Henry David Thoreau once penned, “I went to the woods because I wished to live deliberately, to front only the essential facts of life, and see if I could not learn what it had to teach, and not, when I came to die, discover that I had not lived.” I was reminded of this quotation one night as I lay on the trampoline with my teenage children, gazing up into the night sky. I wanted to raise my children deliberately. I wanted to “live deep and suck the marrow out of life” (Thoreau). I wanted to enjoy every moment of their childhood and not watch them grow to adulthood and suddenly realize my opportunity to teach them, to spend time with them, to enjoy learning with them was over and I did not even know them.
As I lay there dozing on the trampoline for the third time in a week, knowing I would rest better in bed, I had no regrets. These days will soon be gone, my teenage children will soon be grown, but I have enjoyed these days of childhood pleasures, and we have many happy memories of hours spent together. My children may not remember all the nature walks we took in our early days of home schooling (when they were preschoolers and toddlers), but we all remember backyard science experiments when they were grade-school children. (Some of them were quite memorable!) They may not remember every book we have read, but they remember hundreds of days spent reading together. Over the years we have biked together, camped and cooked in the yard together, slept outside together, worked together, laughed together, cried together, and learned together. We have enjoyed long walks, rainy mornings, and winter nights spent in front of a crackling fire, and there is nothing money can buy that is worth more than that. I chose to homeschool my children before they were even school aged because I wanted to give them a Christian education, but I soon discovered there were both great joy as well as great advantages to spending lots of time with them. As they have grown, I have watched the unique person God created each one of them to be unfold and develop. What a privilege to know their individual strengths and weaknesses, their hopes and dreams, their fears and struggles. It makes the command to train each one in the way he should go a little easier.
As I look back over the years, life has certainly not been easy. Money has always been tight, and I have not always had all the things I desired. Many times I did not even have the entire curriculum I wanted. We have had triumphs and failures, great joy and great sorrow, but the difficulties we faced only made the attempts to enjoy life a little more deliberate and the time spent together a little sweeter, and there is nothing I would trade for the time I have had to spend with my children.
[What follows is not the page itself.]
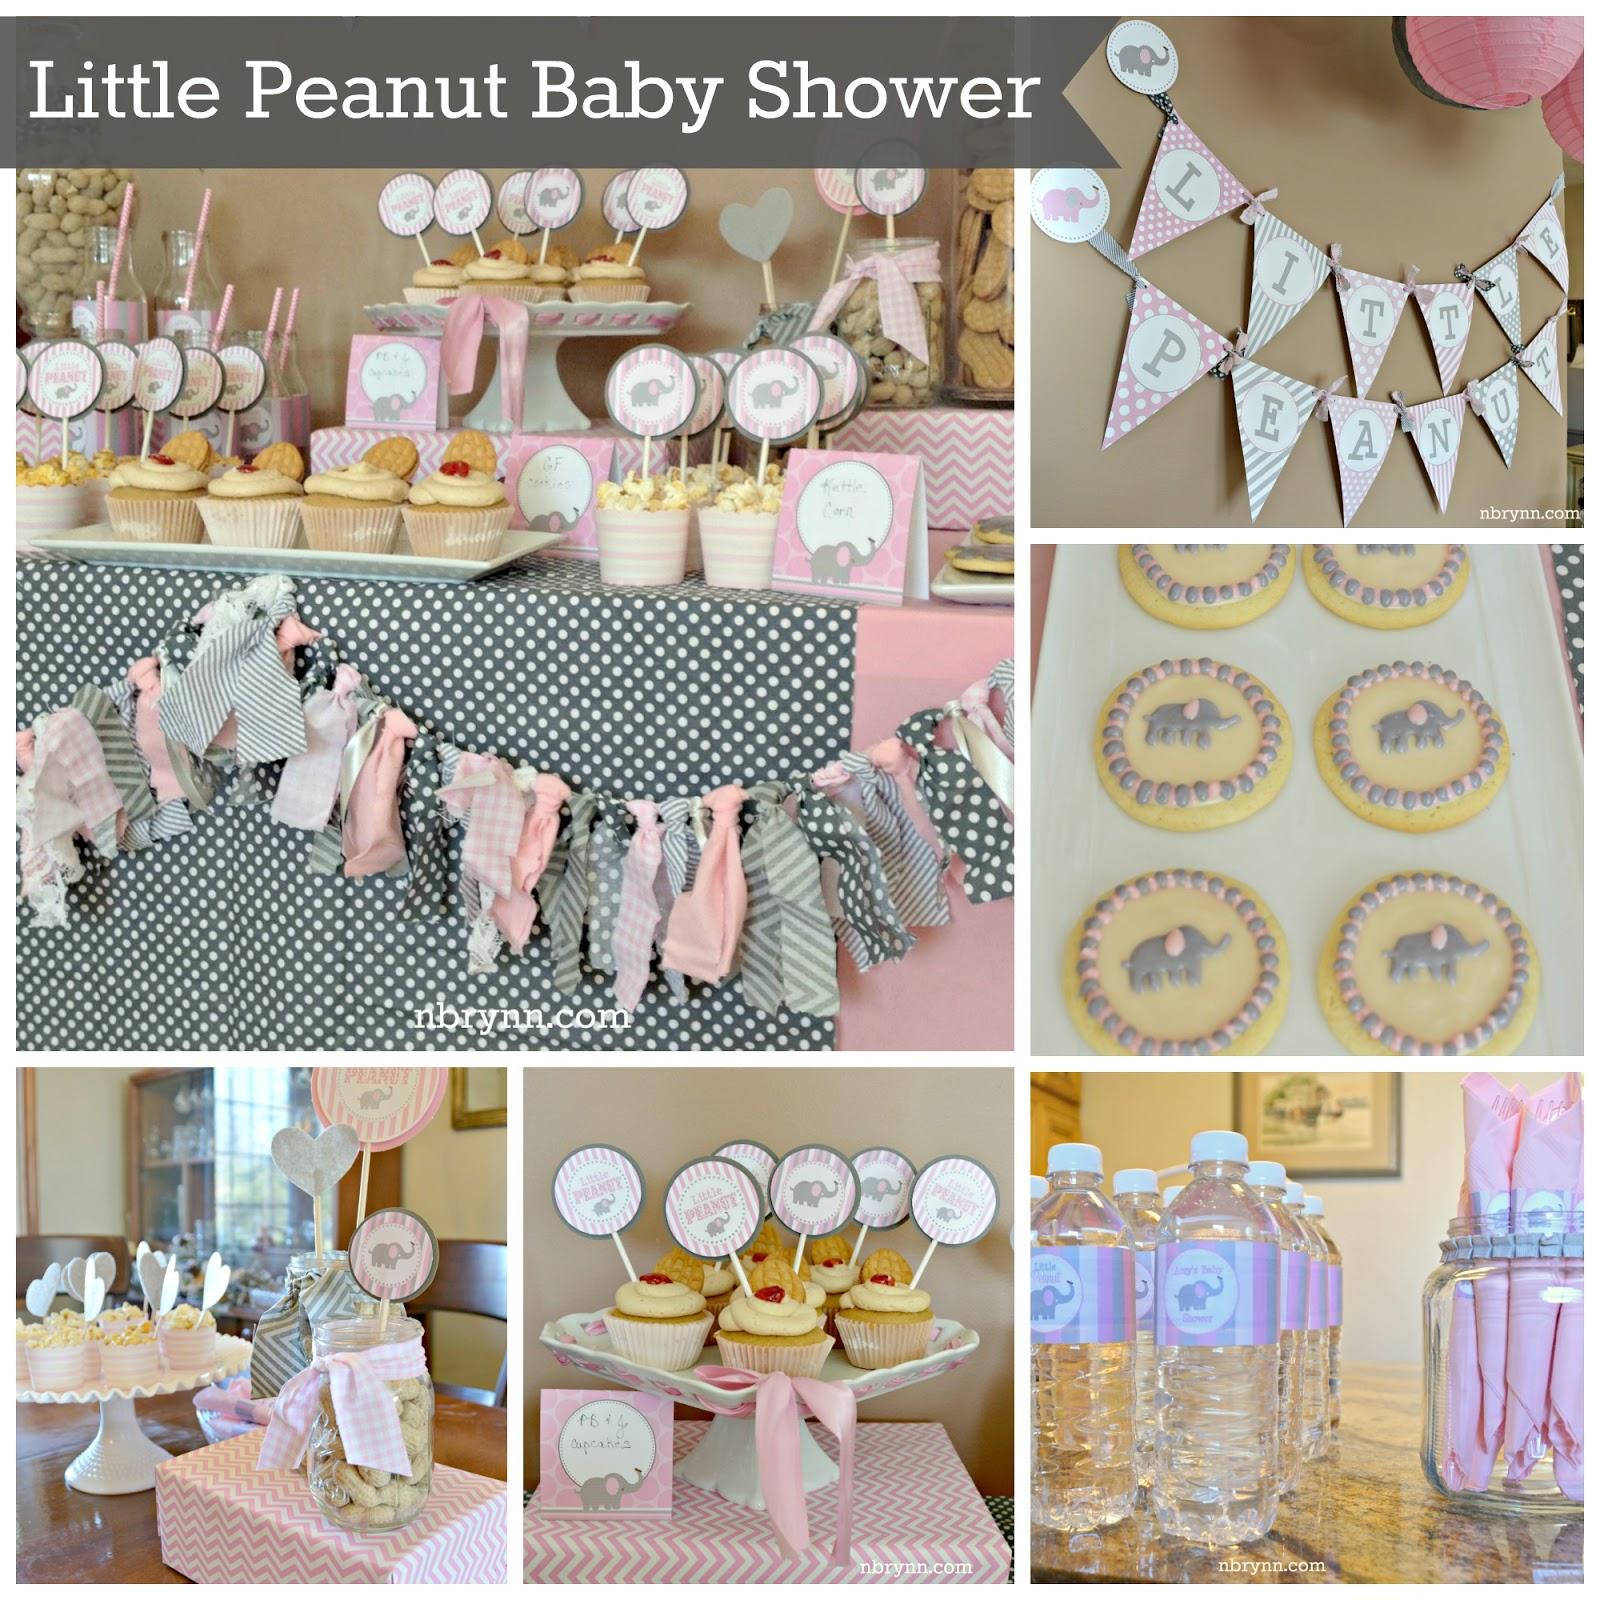 NBrynn: Little Peanut Baby Shower

As they grew in independence and increasing maturity, I did not merely watch from the sidelines. We have spent both quantity time and quality time together gleaning the most from every opportunity.
Now my sons are sixteen and seventeen, and they are becoming young men. They shave, drive, work summer jobs, and grow in independence every year. Their struggles and their victories are the footholds that will bring them into manhood. Their desire to become young men of godly integrity is challenged almost daily. At the same time, my thirteen-year-old daughter is quickly becoming a young woman, and the seemingly petty issues of youth are the very things that will define the young woman she will become. Sometimes it is difficult to keep up with their ever-changing wants and desires, and homeschooling teenagers is not always easy.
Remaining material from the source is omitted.